(Items from a dataset)
*** Begin section ***
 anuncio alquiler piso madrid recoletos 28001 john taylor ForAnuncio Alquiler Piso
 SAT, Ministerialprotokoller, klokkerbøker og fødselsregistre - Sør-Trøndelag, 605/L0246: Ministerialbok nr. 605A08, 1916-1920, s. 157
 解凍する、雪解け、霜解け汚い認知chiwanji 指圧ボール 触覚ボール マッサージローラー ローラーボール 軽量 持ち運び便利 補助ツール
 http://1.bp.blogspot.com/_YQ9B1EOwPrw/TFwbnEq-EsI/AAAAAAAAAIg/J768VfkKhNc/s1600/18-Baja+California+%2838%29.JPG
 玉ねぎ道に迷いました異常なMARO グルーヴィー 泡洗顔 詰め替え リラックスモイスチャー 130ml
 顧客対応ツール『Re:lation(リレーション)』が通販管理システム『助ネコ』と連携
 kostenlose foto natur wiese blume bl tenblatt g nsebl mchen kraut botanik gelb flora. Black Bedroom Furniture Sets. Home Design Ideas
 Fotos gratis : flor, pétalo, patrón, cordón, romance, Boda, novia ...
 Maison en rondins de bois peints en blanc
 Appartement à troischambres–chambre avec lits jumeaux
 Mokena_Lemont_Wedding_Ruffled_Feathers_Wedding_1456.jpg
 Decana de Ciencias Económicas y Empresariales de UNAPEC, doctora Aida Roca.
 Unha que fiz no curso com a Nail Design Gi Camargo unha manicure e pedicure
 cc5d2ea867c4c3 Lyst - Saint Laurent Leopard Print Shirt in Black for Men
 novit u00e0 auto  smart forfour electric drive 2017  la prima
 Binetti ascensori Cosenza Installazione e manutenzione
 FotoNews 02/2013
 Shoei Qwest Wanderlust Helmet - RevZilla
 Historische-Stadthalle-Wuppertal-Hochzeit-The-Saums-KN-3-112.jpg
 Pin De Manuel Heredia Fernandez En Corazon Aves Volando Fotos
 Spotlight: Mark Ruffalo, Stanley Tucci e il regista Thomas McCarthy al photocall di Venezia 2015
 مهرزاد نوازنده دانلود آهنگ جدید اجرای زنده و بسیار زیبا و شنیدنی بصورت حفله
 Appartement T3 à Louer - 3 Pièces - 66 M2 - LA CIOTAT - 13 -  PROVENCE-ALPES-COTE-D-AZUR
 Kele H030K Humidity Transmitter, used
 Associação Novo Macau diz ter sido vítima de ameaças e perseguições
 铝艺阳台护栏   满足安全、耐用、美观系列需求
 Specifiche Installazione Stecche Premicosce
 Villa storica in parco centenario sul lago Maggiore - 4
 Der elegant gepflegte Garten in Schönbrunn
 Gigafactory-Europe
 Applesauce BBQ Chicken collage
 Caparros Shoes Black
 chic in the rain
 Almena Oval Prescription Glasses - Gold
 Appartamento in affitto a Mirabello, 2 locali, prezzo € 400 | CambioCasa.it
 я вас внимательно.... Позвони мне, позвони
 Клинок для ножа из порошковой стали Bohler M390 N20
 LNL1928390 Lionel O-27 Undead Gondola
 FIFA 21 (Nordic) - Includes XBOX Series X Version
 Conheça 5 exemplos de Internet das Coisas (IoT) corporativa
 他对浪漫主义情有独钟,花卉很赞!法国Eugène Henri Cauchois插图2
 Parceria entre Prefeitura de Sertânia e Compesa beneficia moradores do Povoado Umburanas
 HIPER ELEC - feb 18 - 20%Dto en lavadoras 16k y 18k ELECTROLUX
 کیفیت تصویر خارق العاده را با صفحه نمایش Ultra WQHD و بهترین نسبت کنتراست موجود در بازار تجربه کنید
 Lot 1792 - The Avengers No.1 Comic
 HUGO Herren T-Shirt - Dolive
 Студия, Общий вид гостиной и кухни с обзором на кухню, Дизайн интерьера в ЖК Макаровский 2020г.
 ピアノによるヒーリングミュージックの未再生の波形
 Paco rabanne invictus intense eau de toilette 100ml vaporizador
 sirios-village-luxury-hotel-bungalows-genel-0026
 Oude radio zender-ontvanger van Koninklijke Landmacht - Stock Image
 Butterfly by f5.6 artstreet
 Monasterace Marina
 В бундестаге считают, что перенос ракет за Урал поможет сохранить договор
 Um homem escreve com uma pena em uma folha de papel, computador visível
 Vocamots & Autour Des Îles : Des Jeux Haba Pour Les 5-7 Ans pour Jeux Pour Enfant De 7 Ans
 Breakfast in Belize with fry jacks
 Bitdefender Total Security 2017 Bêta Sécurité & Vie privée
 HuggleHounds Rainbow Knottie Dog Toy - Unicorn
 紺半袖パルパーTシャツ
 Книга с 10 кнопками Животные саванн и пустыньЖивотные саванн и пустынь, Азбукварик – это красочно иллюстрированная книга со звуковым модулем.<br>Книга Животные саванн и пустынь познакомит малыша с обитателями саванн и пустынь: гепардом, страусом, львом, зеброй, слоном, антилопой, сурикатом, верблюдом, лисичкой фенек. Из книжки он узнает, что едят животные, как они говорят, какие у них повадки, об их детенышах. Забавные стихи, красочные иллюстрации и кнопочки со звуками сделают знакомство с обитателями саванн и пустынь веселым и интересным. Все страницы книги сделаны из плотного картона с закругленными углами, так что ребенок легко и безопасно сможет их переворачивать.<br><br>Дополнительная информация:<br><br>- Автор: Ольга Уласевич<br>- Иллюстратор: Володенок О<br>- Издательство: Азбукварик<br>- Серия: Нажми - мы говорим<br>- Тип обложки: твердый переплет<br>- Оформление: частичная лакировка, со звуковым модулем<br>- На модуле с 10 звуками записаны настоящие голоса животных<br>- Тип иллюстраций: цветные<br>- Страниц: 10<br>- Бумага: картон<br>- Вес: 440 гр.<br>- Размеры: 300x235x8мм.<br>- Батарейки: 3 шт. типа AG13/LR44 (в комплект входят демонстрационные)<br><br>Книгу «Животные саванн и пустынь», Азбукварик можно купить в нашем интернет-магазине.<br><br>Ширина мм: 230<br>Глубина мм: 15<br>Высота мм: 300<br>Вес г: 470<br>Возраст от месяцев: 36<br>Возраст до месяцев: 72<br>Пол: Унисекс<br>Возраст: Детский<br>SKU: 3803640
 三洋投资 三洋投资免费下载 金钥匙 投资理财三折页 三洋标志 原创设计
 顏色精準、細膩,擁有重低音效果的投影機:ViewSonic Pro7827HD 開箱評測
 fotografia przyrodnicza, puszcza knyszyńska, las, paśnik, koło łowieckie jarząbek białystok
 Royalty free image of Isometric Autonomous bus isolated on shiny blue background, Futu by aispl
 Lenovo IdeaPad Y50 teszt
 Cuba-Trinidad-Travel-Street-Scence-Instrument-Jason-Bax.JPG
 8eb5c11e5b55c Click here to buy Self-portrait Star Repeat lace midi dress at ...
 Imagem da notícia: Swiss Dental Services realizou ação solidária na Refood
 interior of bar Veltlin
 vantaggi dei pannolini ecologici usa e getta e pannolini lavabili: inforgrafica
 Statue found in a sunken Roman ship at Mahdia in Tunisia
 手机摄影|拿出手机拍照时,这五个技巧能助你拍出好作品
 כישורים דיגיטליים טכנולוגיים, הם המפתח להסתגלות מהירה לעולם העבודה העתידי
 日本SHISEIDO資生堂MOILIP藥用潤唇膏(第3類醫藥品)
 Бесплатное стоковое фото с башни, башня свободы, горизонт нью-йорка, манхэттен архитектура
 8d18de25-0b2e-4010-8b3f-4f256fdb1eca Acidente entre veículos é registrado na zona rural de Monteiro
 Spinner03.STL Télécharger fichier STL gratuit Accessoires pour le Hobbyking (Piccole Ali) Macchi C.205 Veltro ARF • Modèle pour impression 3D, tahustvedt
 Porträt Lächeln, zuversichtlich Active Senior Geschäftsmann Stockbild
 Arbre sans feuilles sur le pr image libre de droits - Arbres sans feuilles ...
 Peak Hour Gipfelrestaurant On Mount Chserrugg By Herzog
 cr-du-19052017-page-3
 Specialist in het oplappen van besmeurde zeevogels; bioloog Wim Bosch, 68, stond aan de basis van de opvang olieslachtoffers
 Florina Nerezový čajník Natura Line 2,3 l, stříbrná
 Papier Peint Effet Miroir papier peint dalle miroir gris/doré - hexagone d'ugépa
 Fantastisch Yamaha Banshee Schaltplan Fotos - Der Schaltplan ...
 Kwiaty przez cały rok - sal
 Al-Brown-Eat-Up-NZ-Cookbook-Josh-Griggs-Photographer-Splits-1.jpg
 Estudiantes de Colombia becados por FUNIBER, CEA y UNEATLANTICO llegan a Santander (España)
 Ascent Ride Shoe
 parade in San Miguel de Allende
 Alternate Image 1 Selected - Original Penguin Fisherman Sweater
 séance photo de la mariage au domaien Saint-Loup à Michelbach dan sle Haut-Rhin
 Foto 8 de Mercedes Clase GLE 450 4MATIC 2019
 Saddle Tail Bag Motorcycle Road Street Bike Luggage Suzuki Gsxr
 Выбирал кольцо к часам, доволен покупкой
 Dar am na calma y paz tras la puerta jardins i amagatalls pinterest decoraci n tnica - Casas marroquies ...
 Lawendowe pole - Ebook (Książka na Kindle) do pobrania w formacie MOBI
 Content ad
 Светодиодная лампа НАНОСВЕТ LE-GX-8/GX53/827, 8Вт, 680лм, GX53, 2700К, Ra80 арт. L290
*** End section ***
If a line in the entries above contains "entre", report it.

 Parceria entre Prefeitura de Sertânia e Compesa beneficia moradores do Povoado Umburanas
 8d18de25-0b2e-4010-8b3f-4f256fdb1eca Acidente entre veículos é registrado na zona rural de Monteiro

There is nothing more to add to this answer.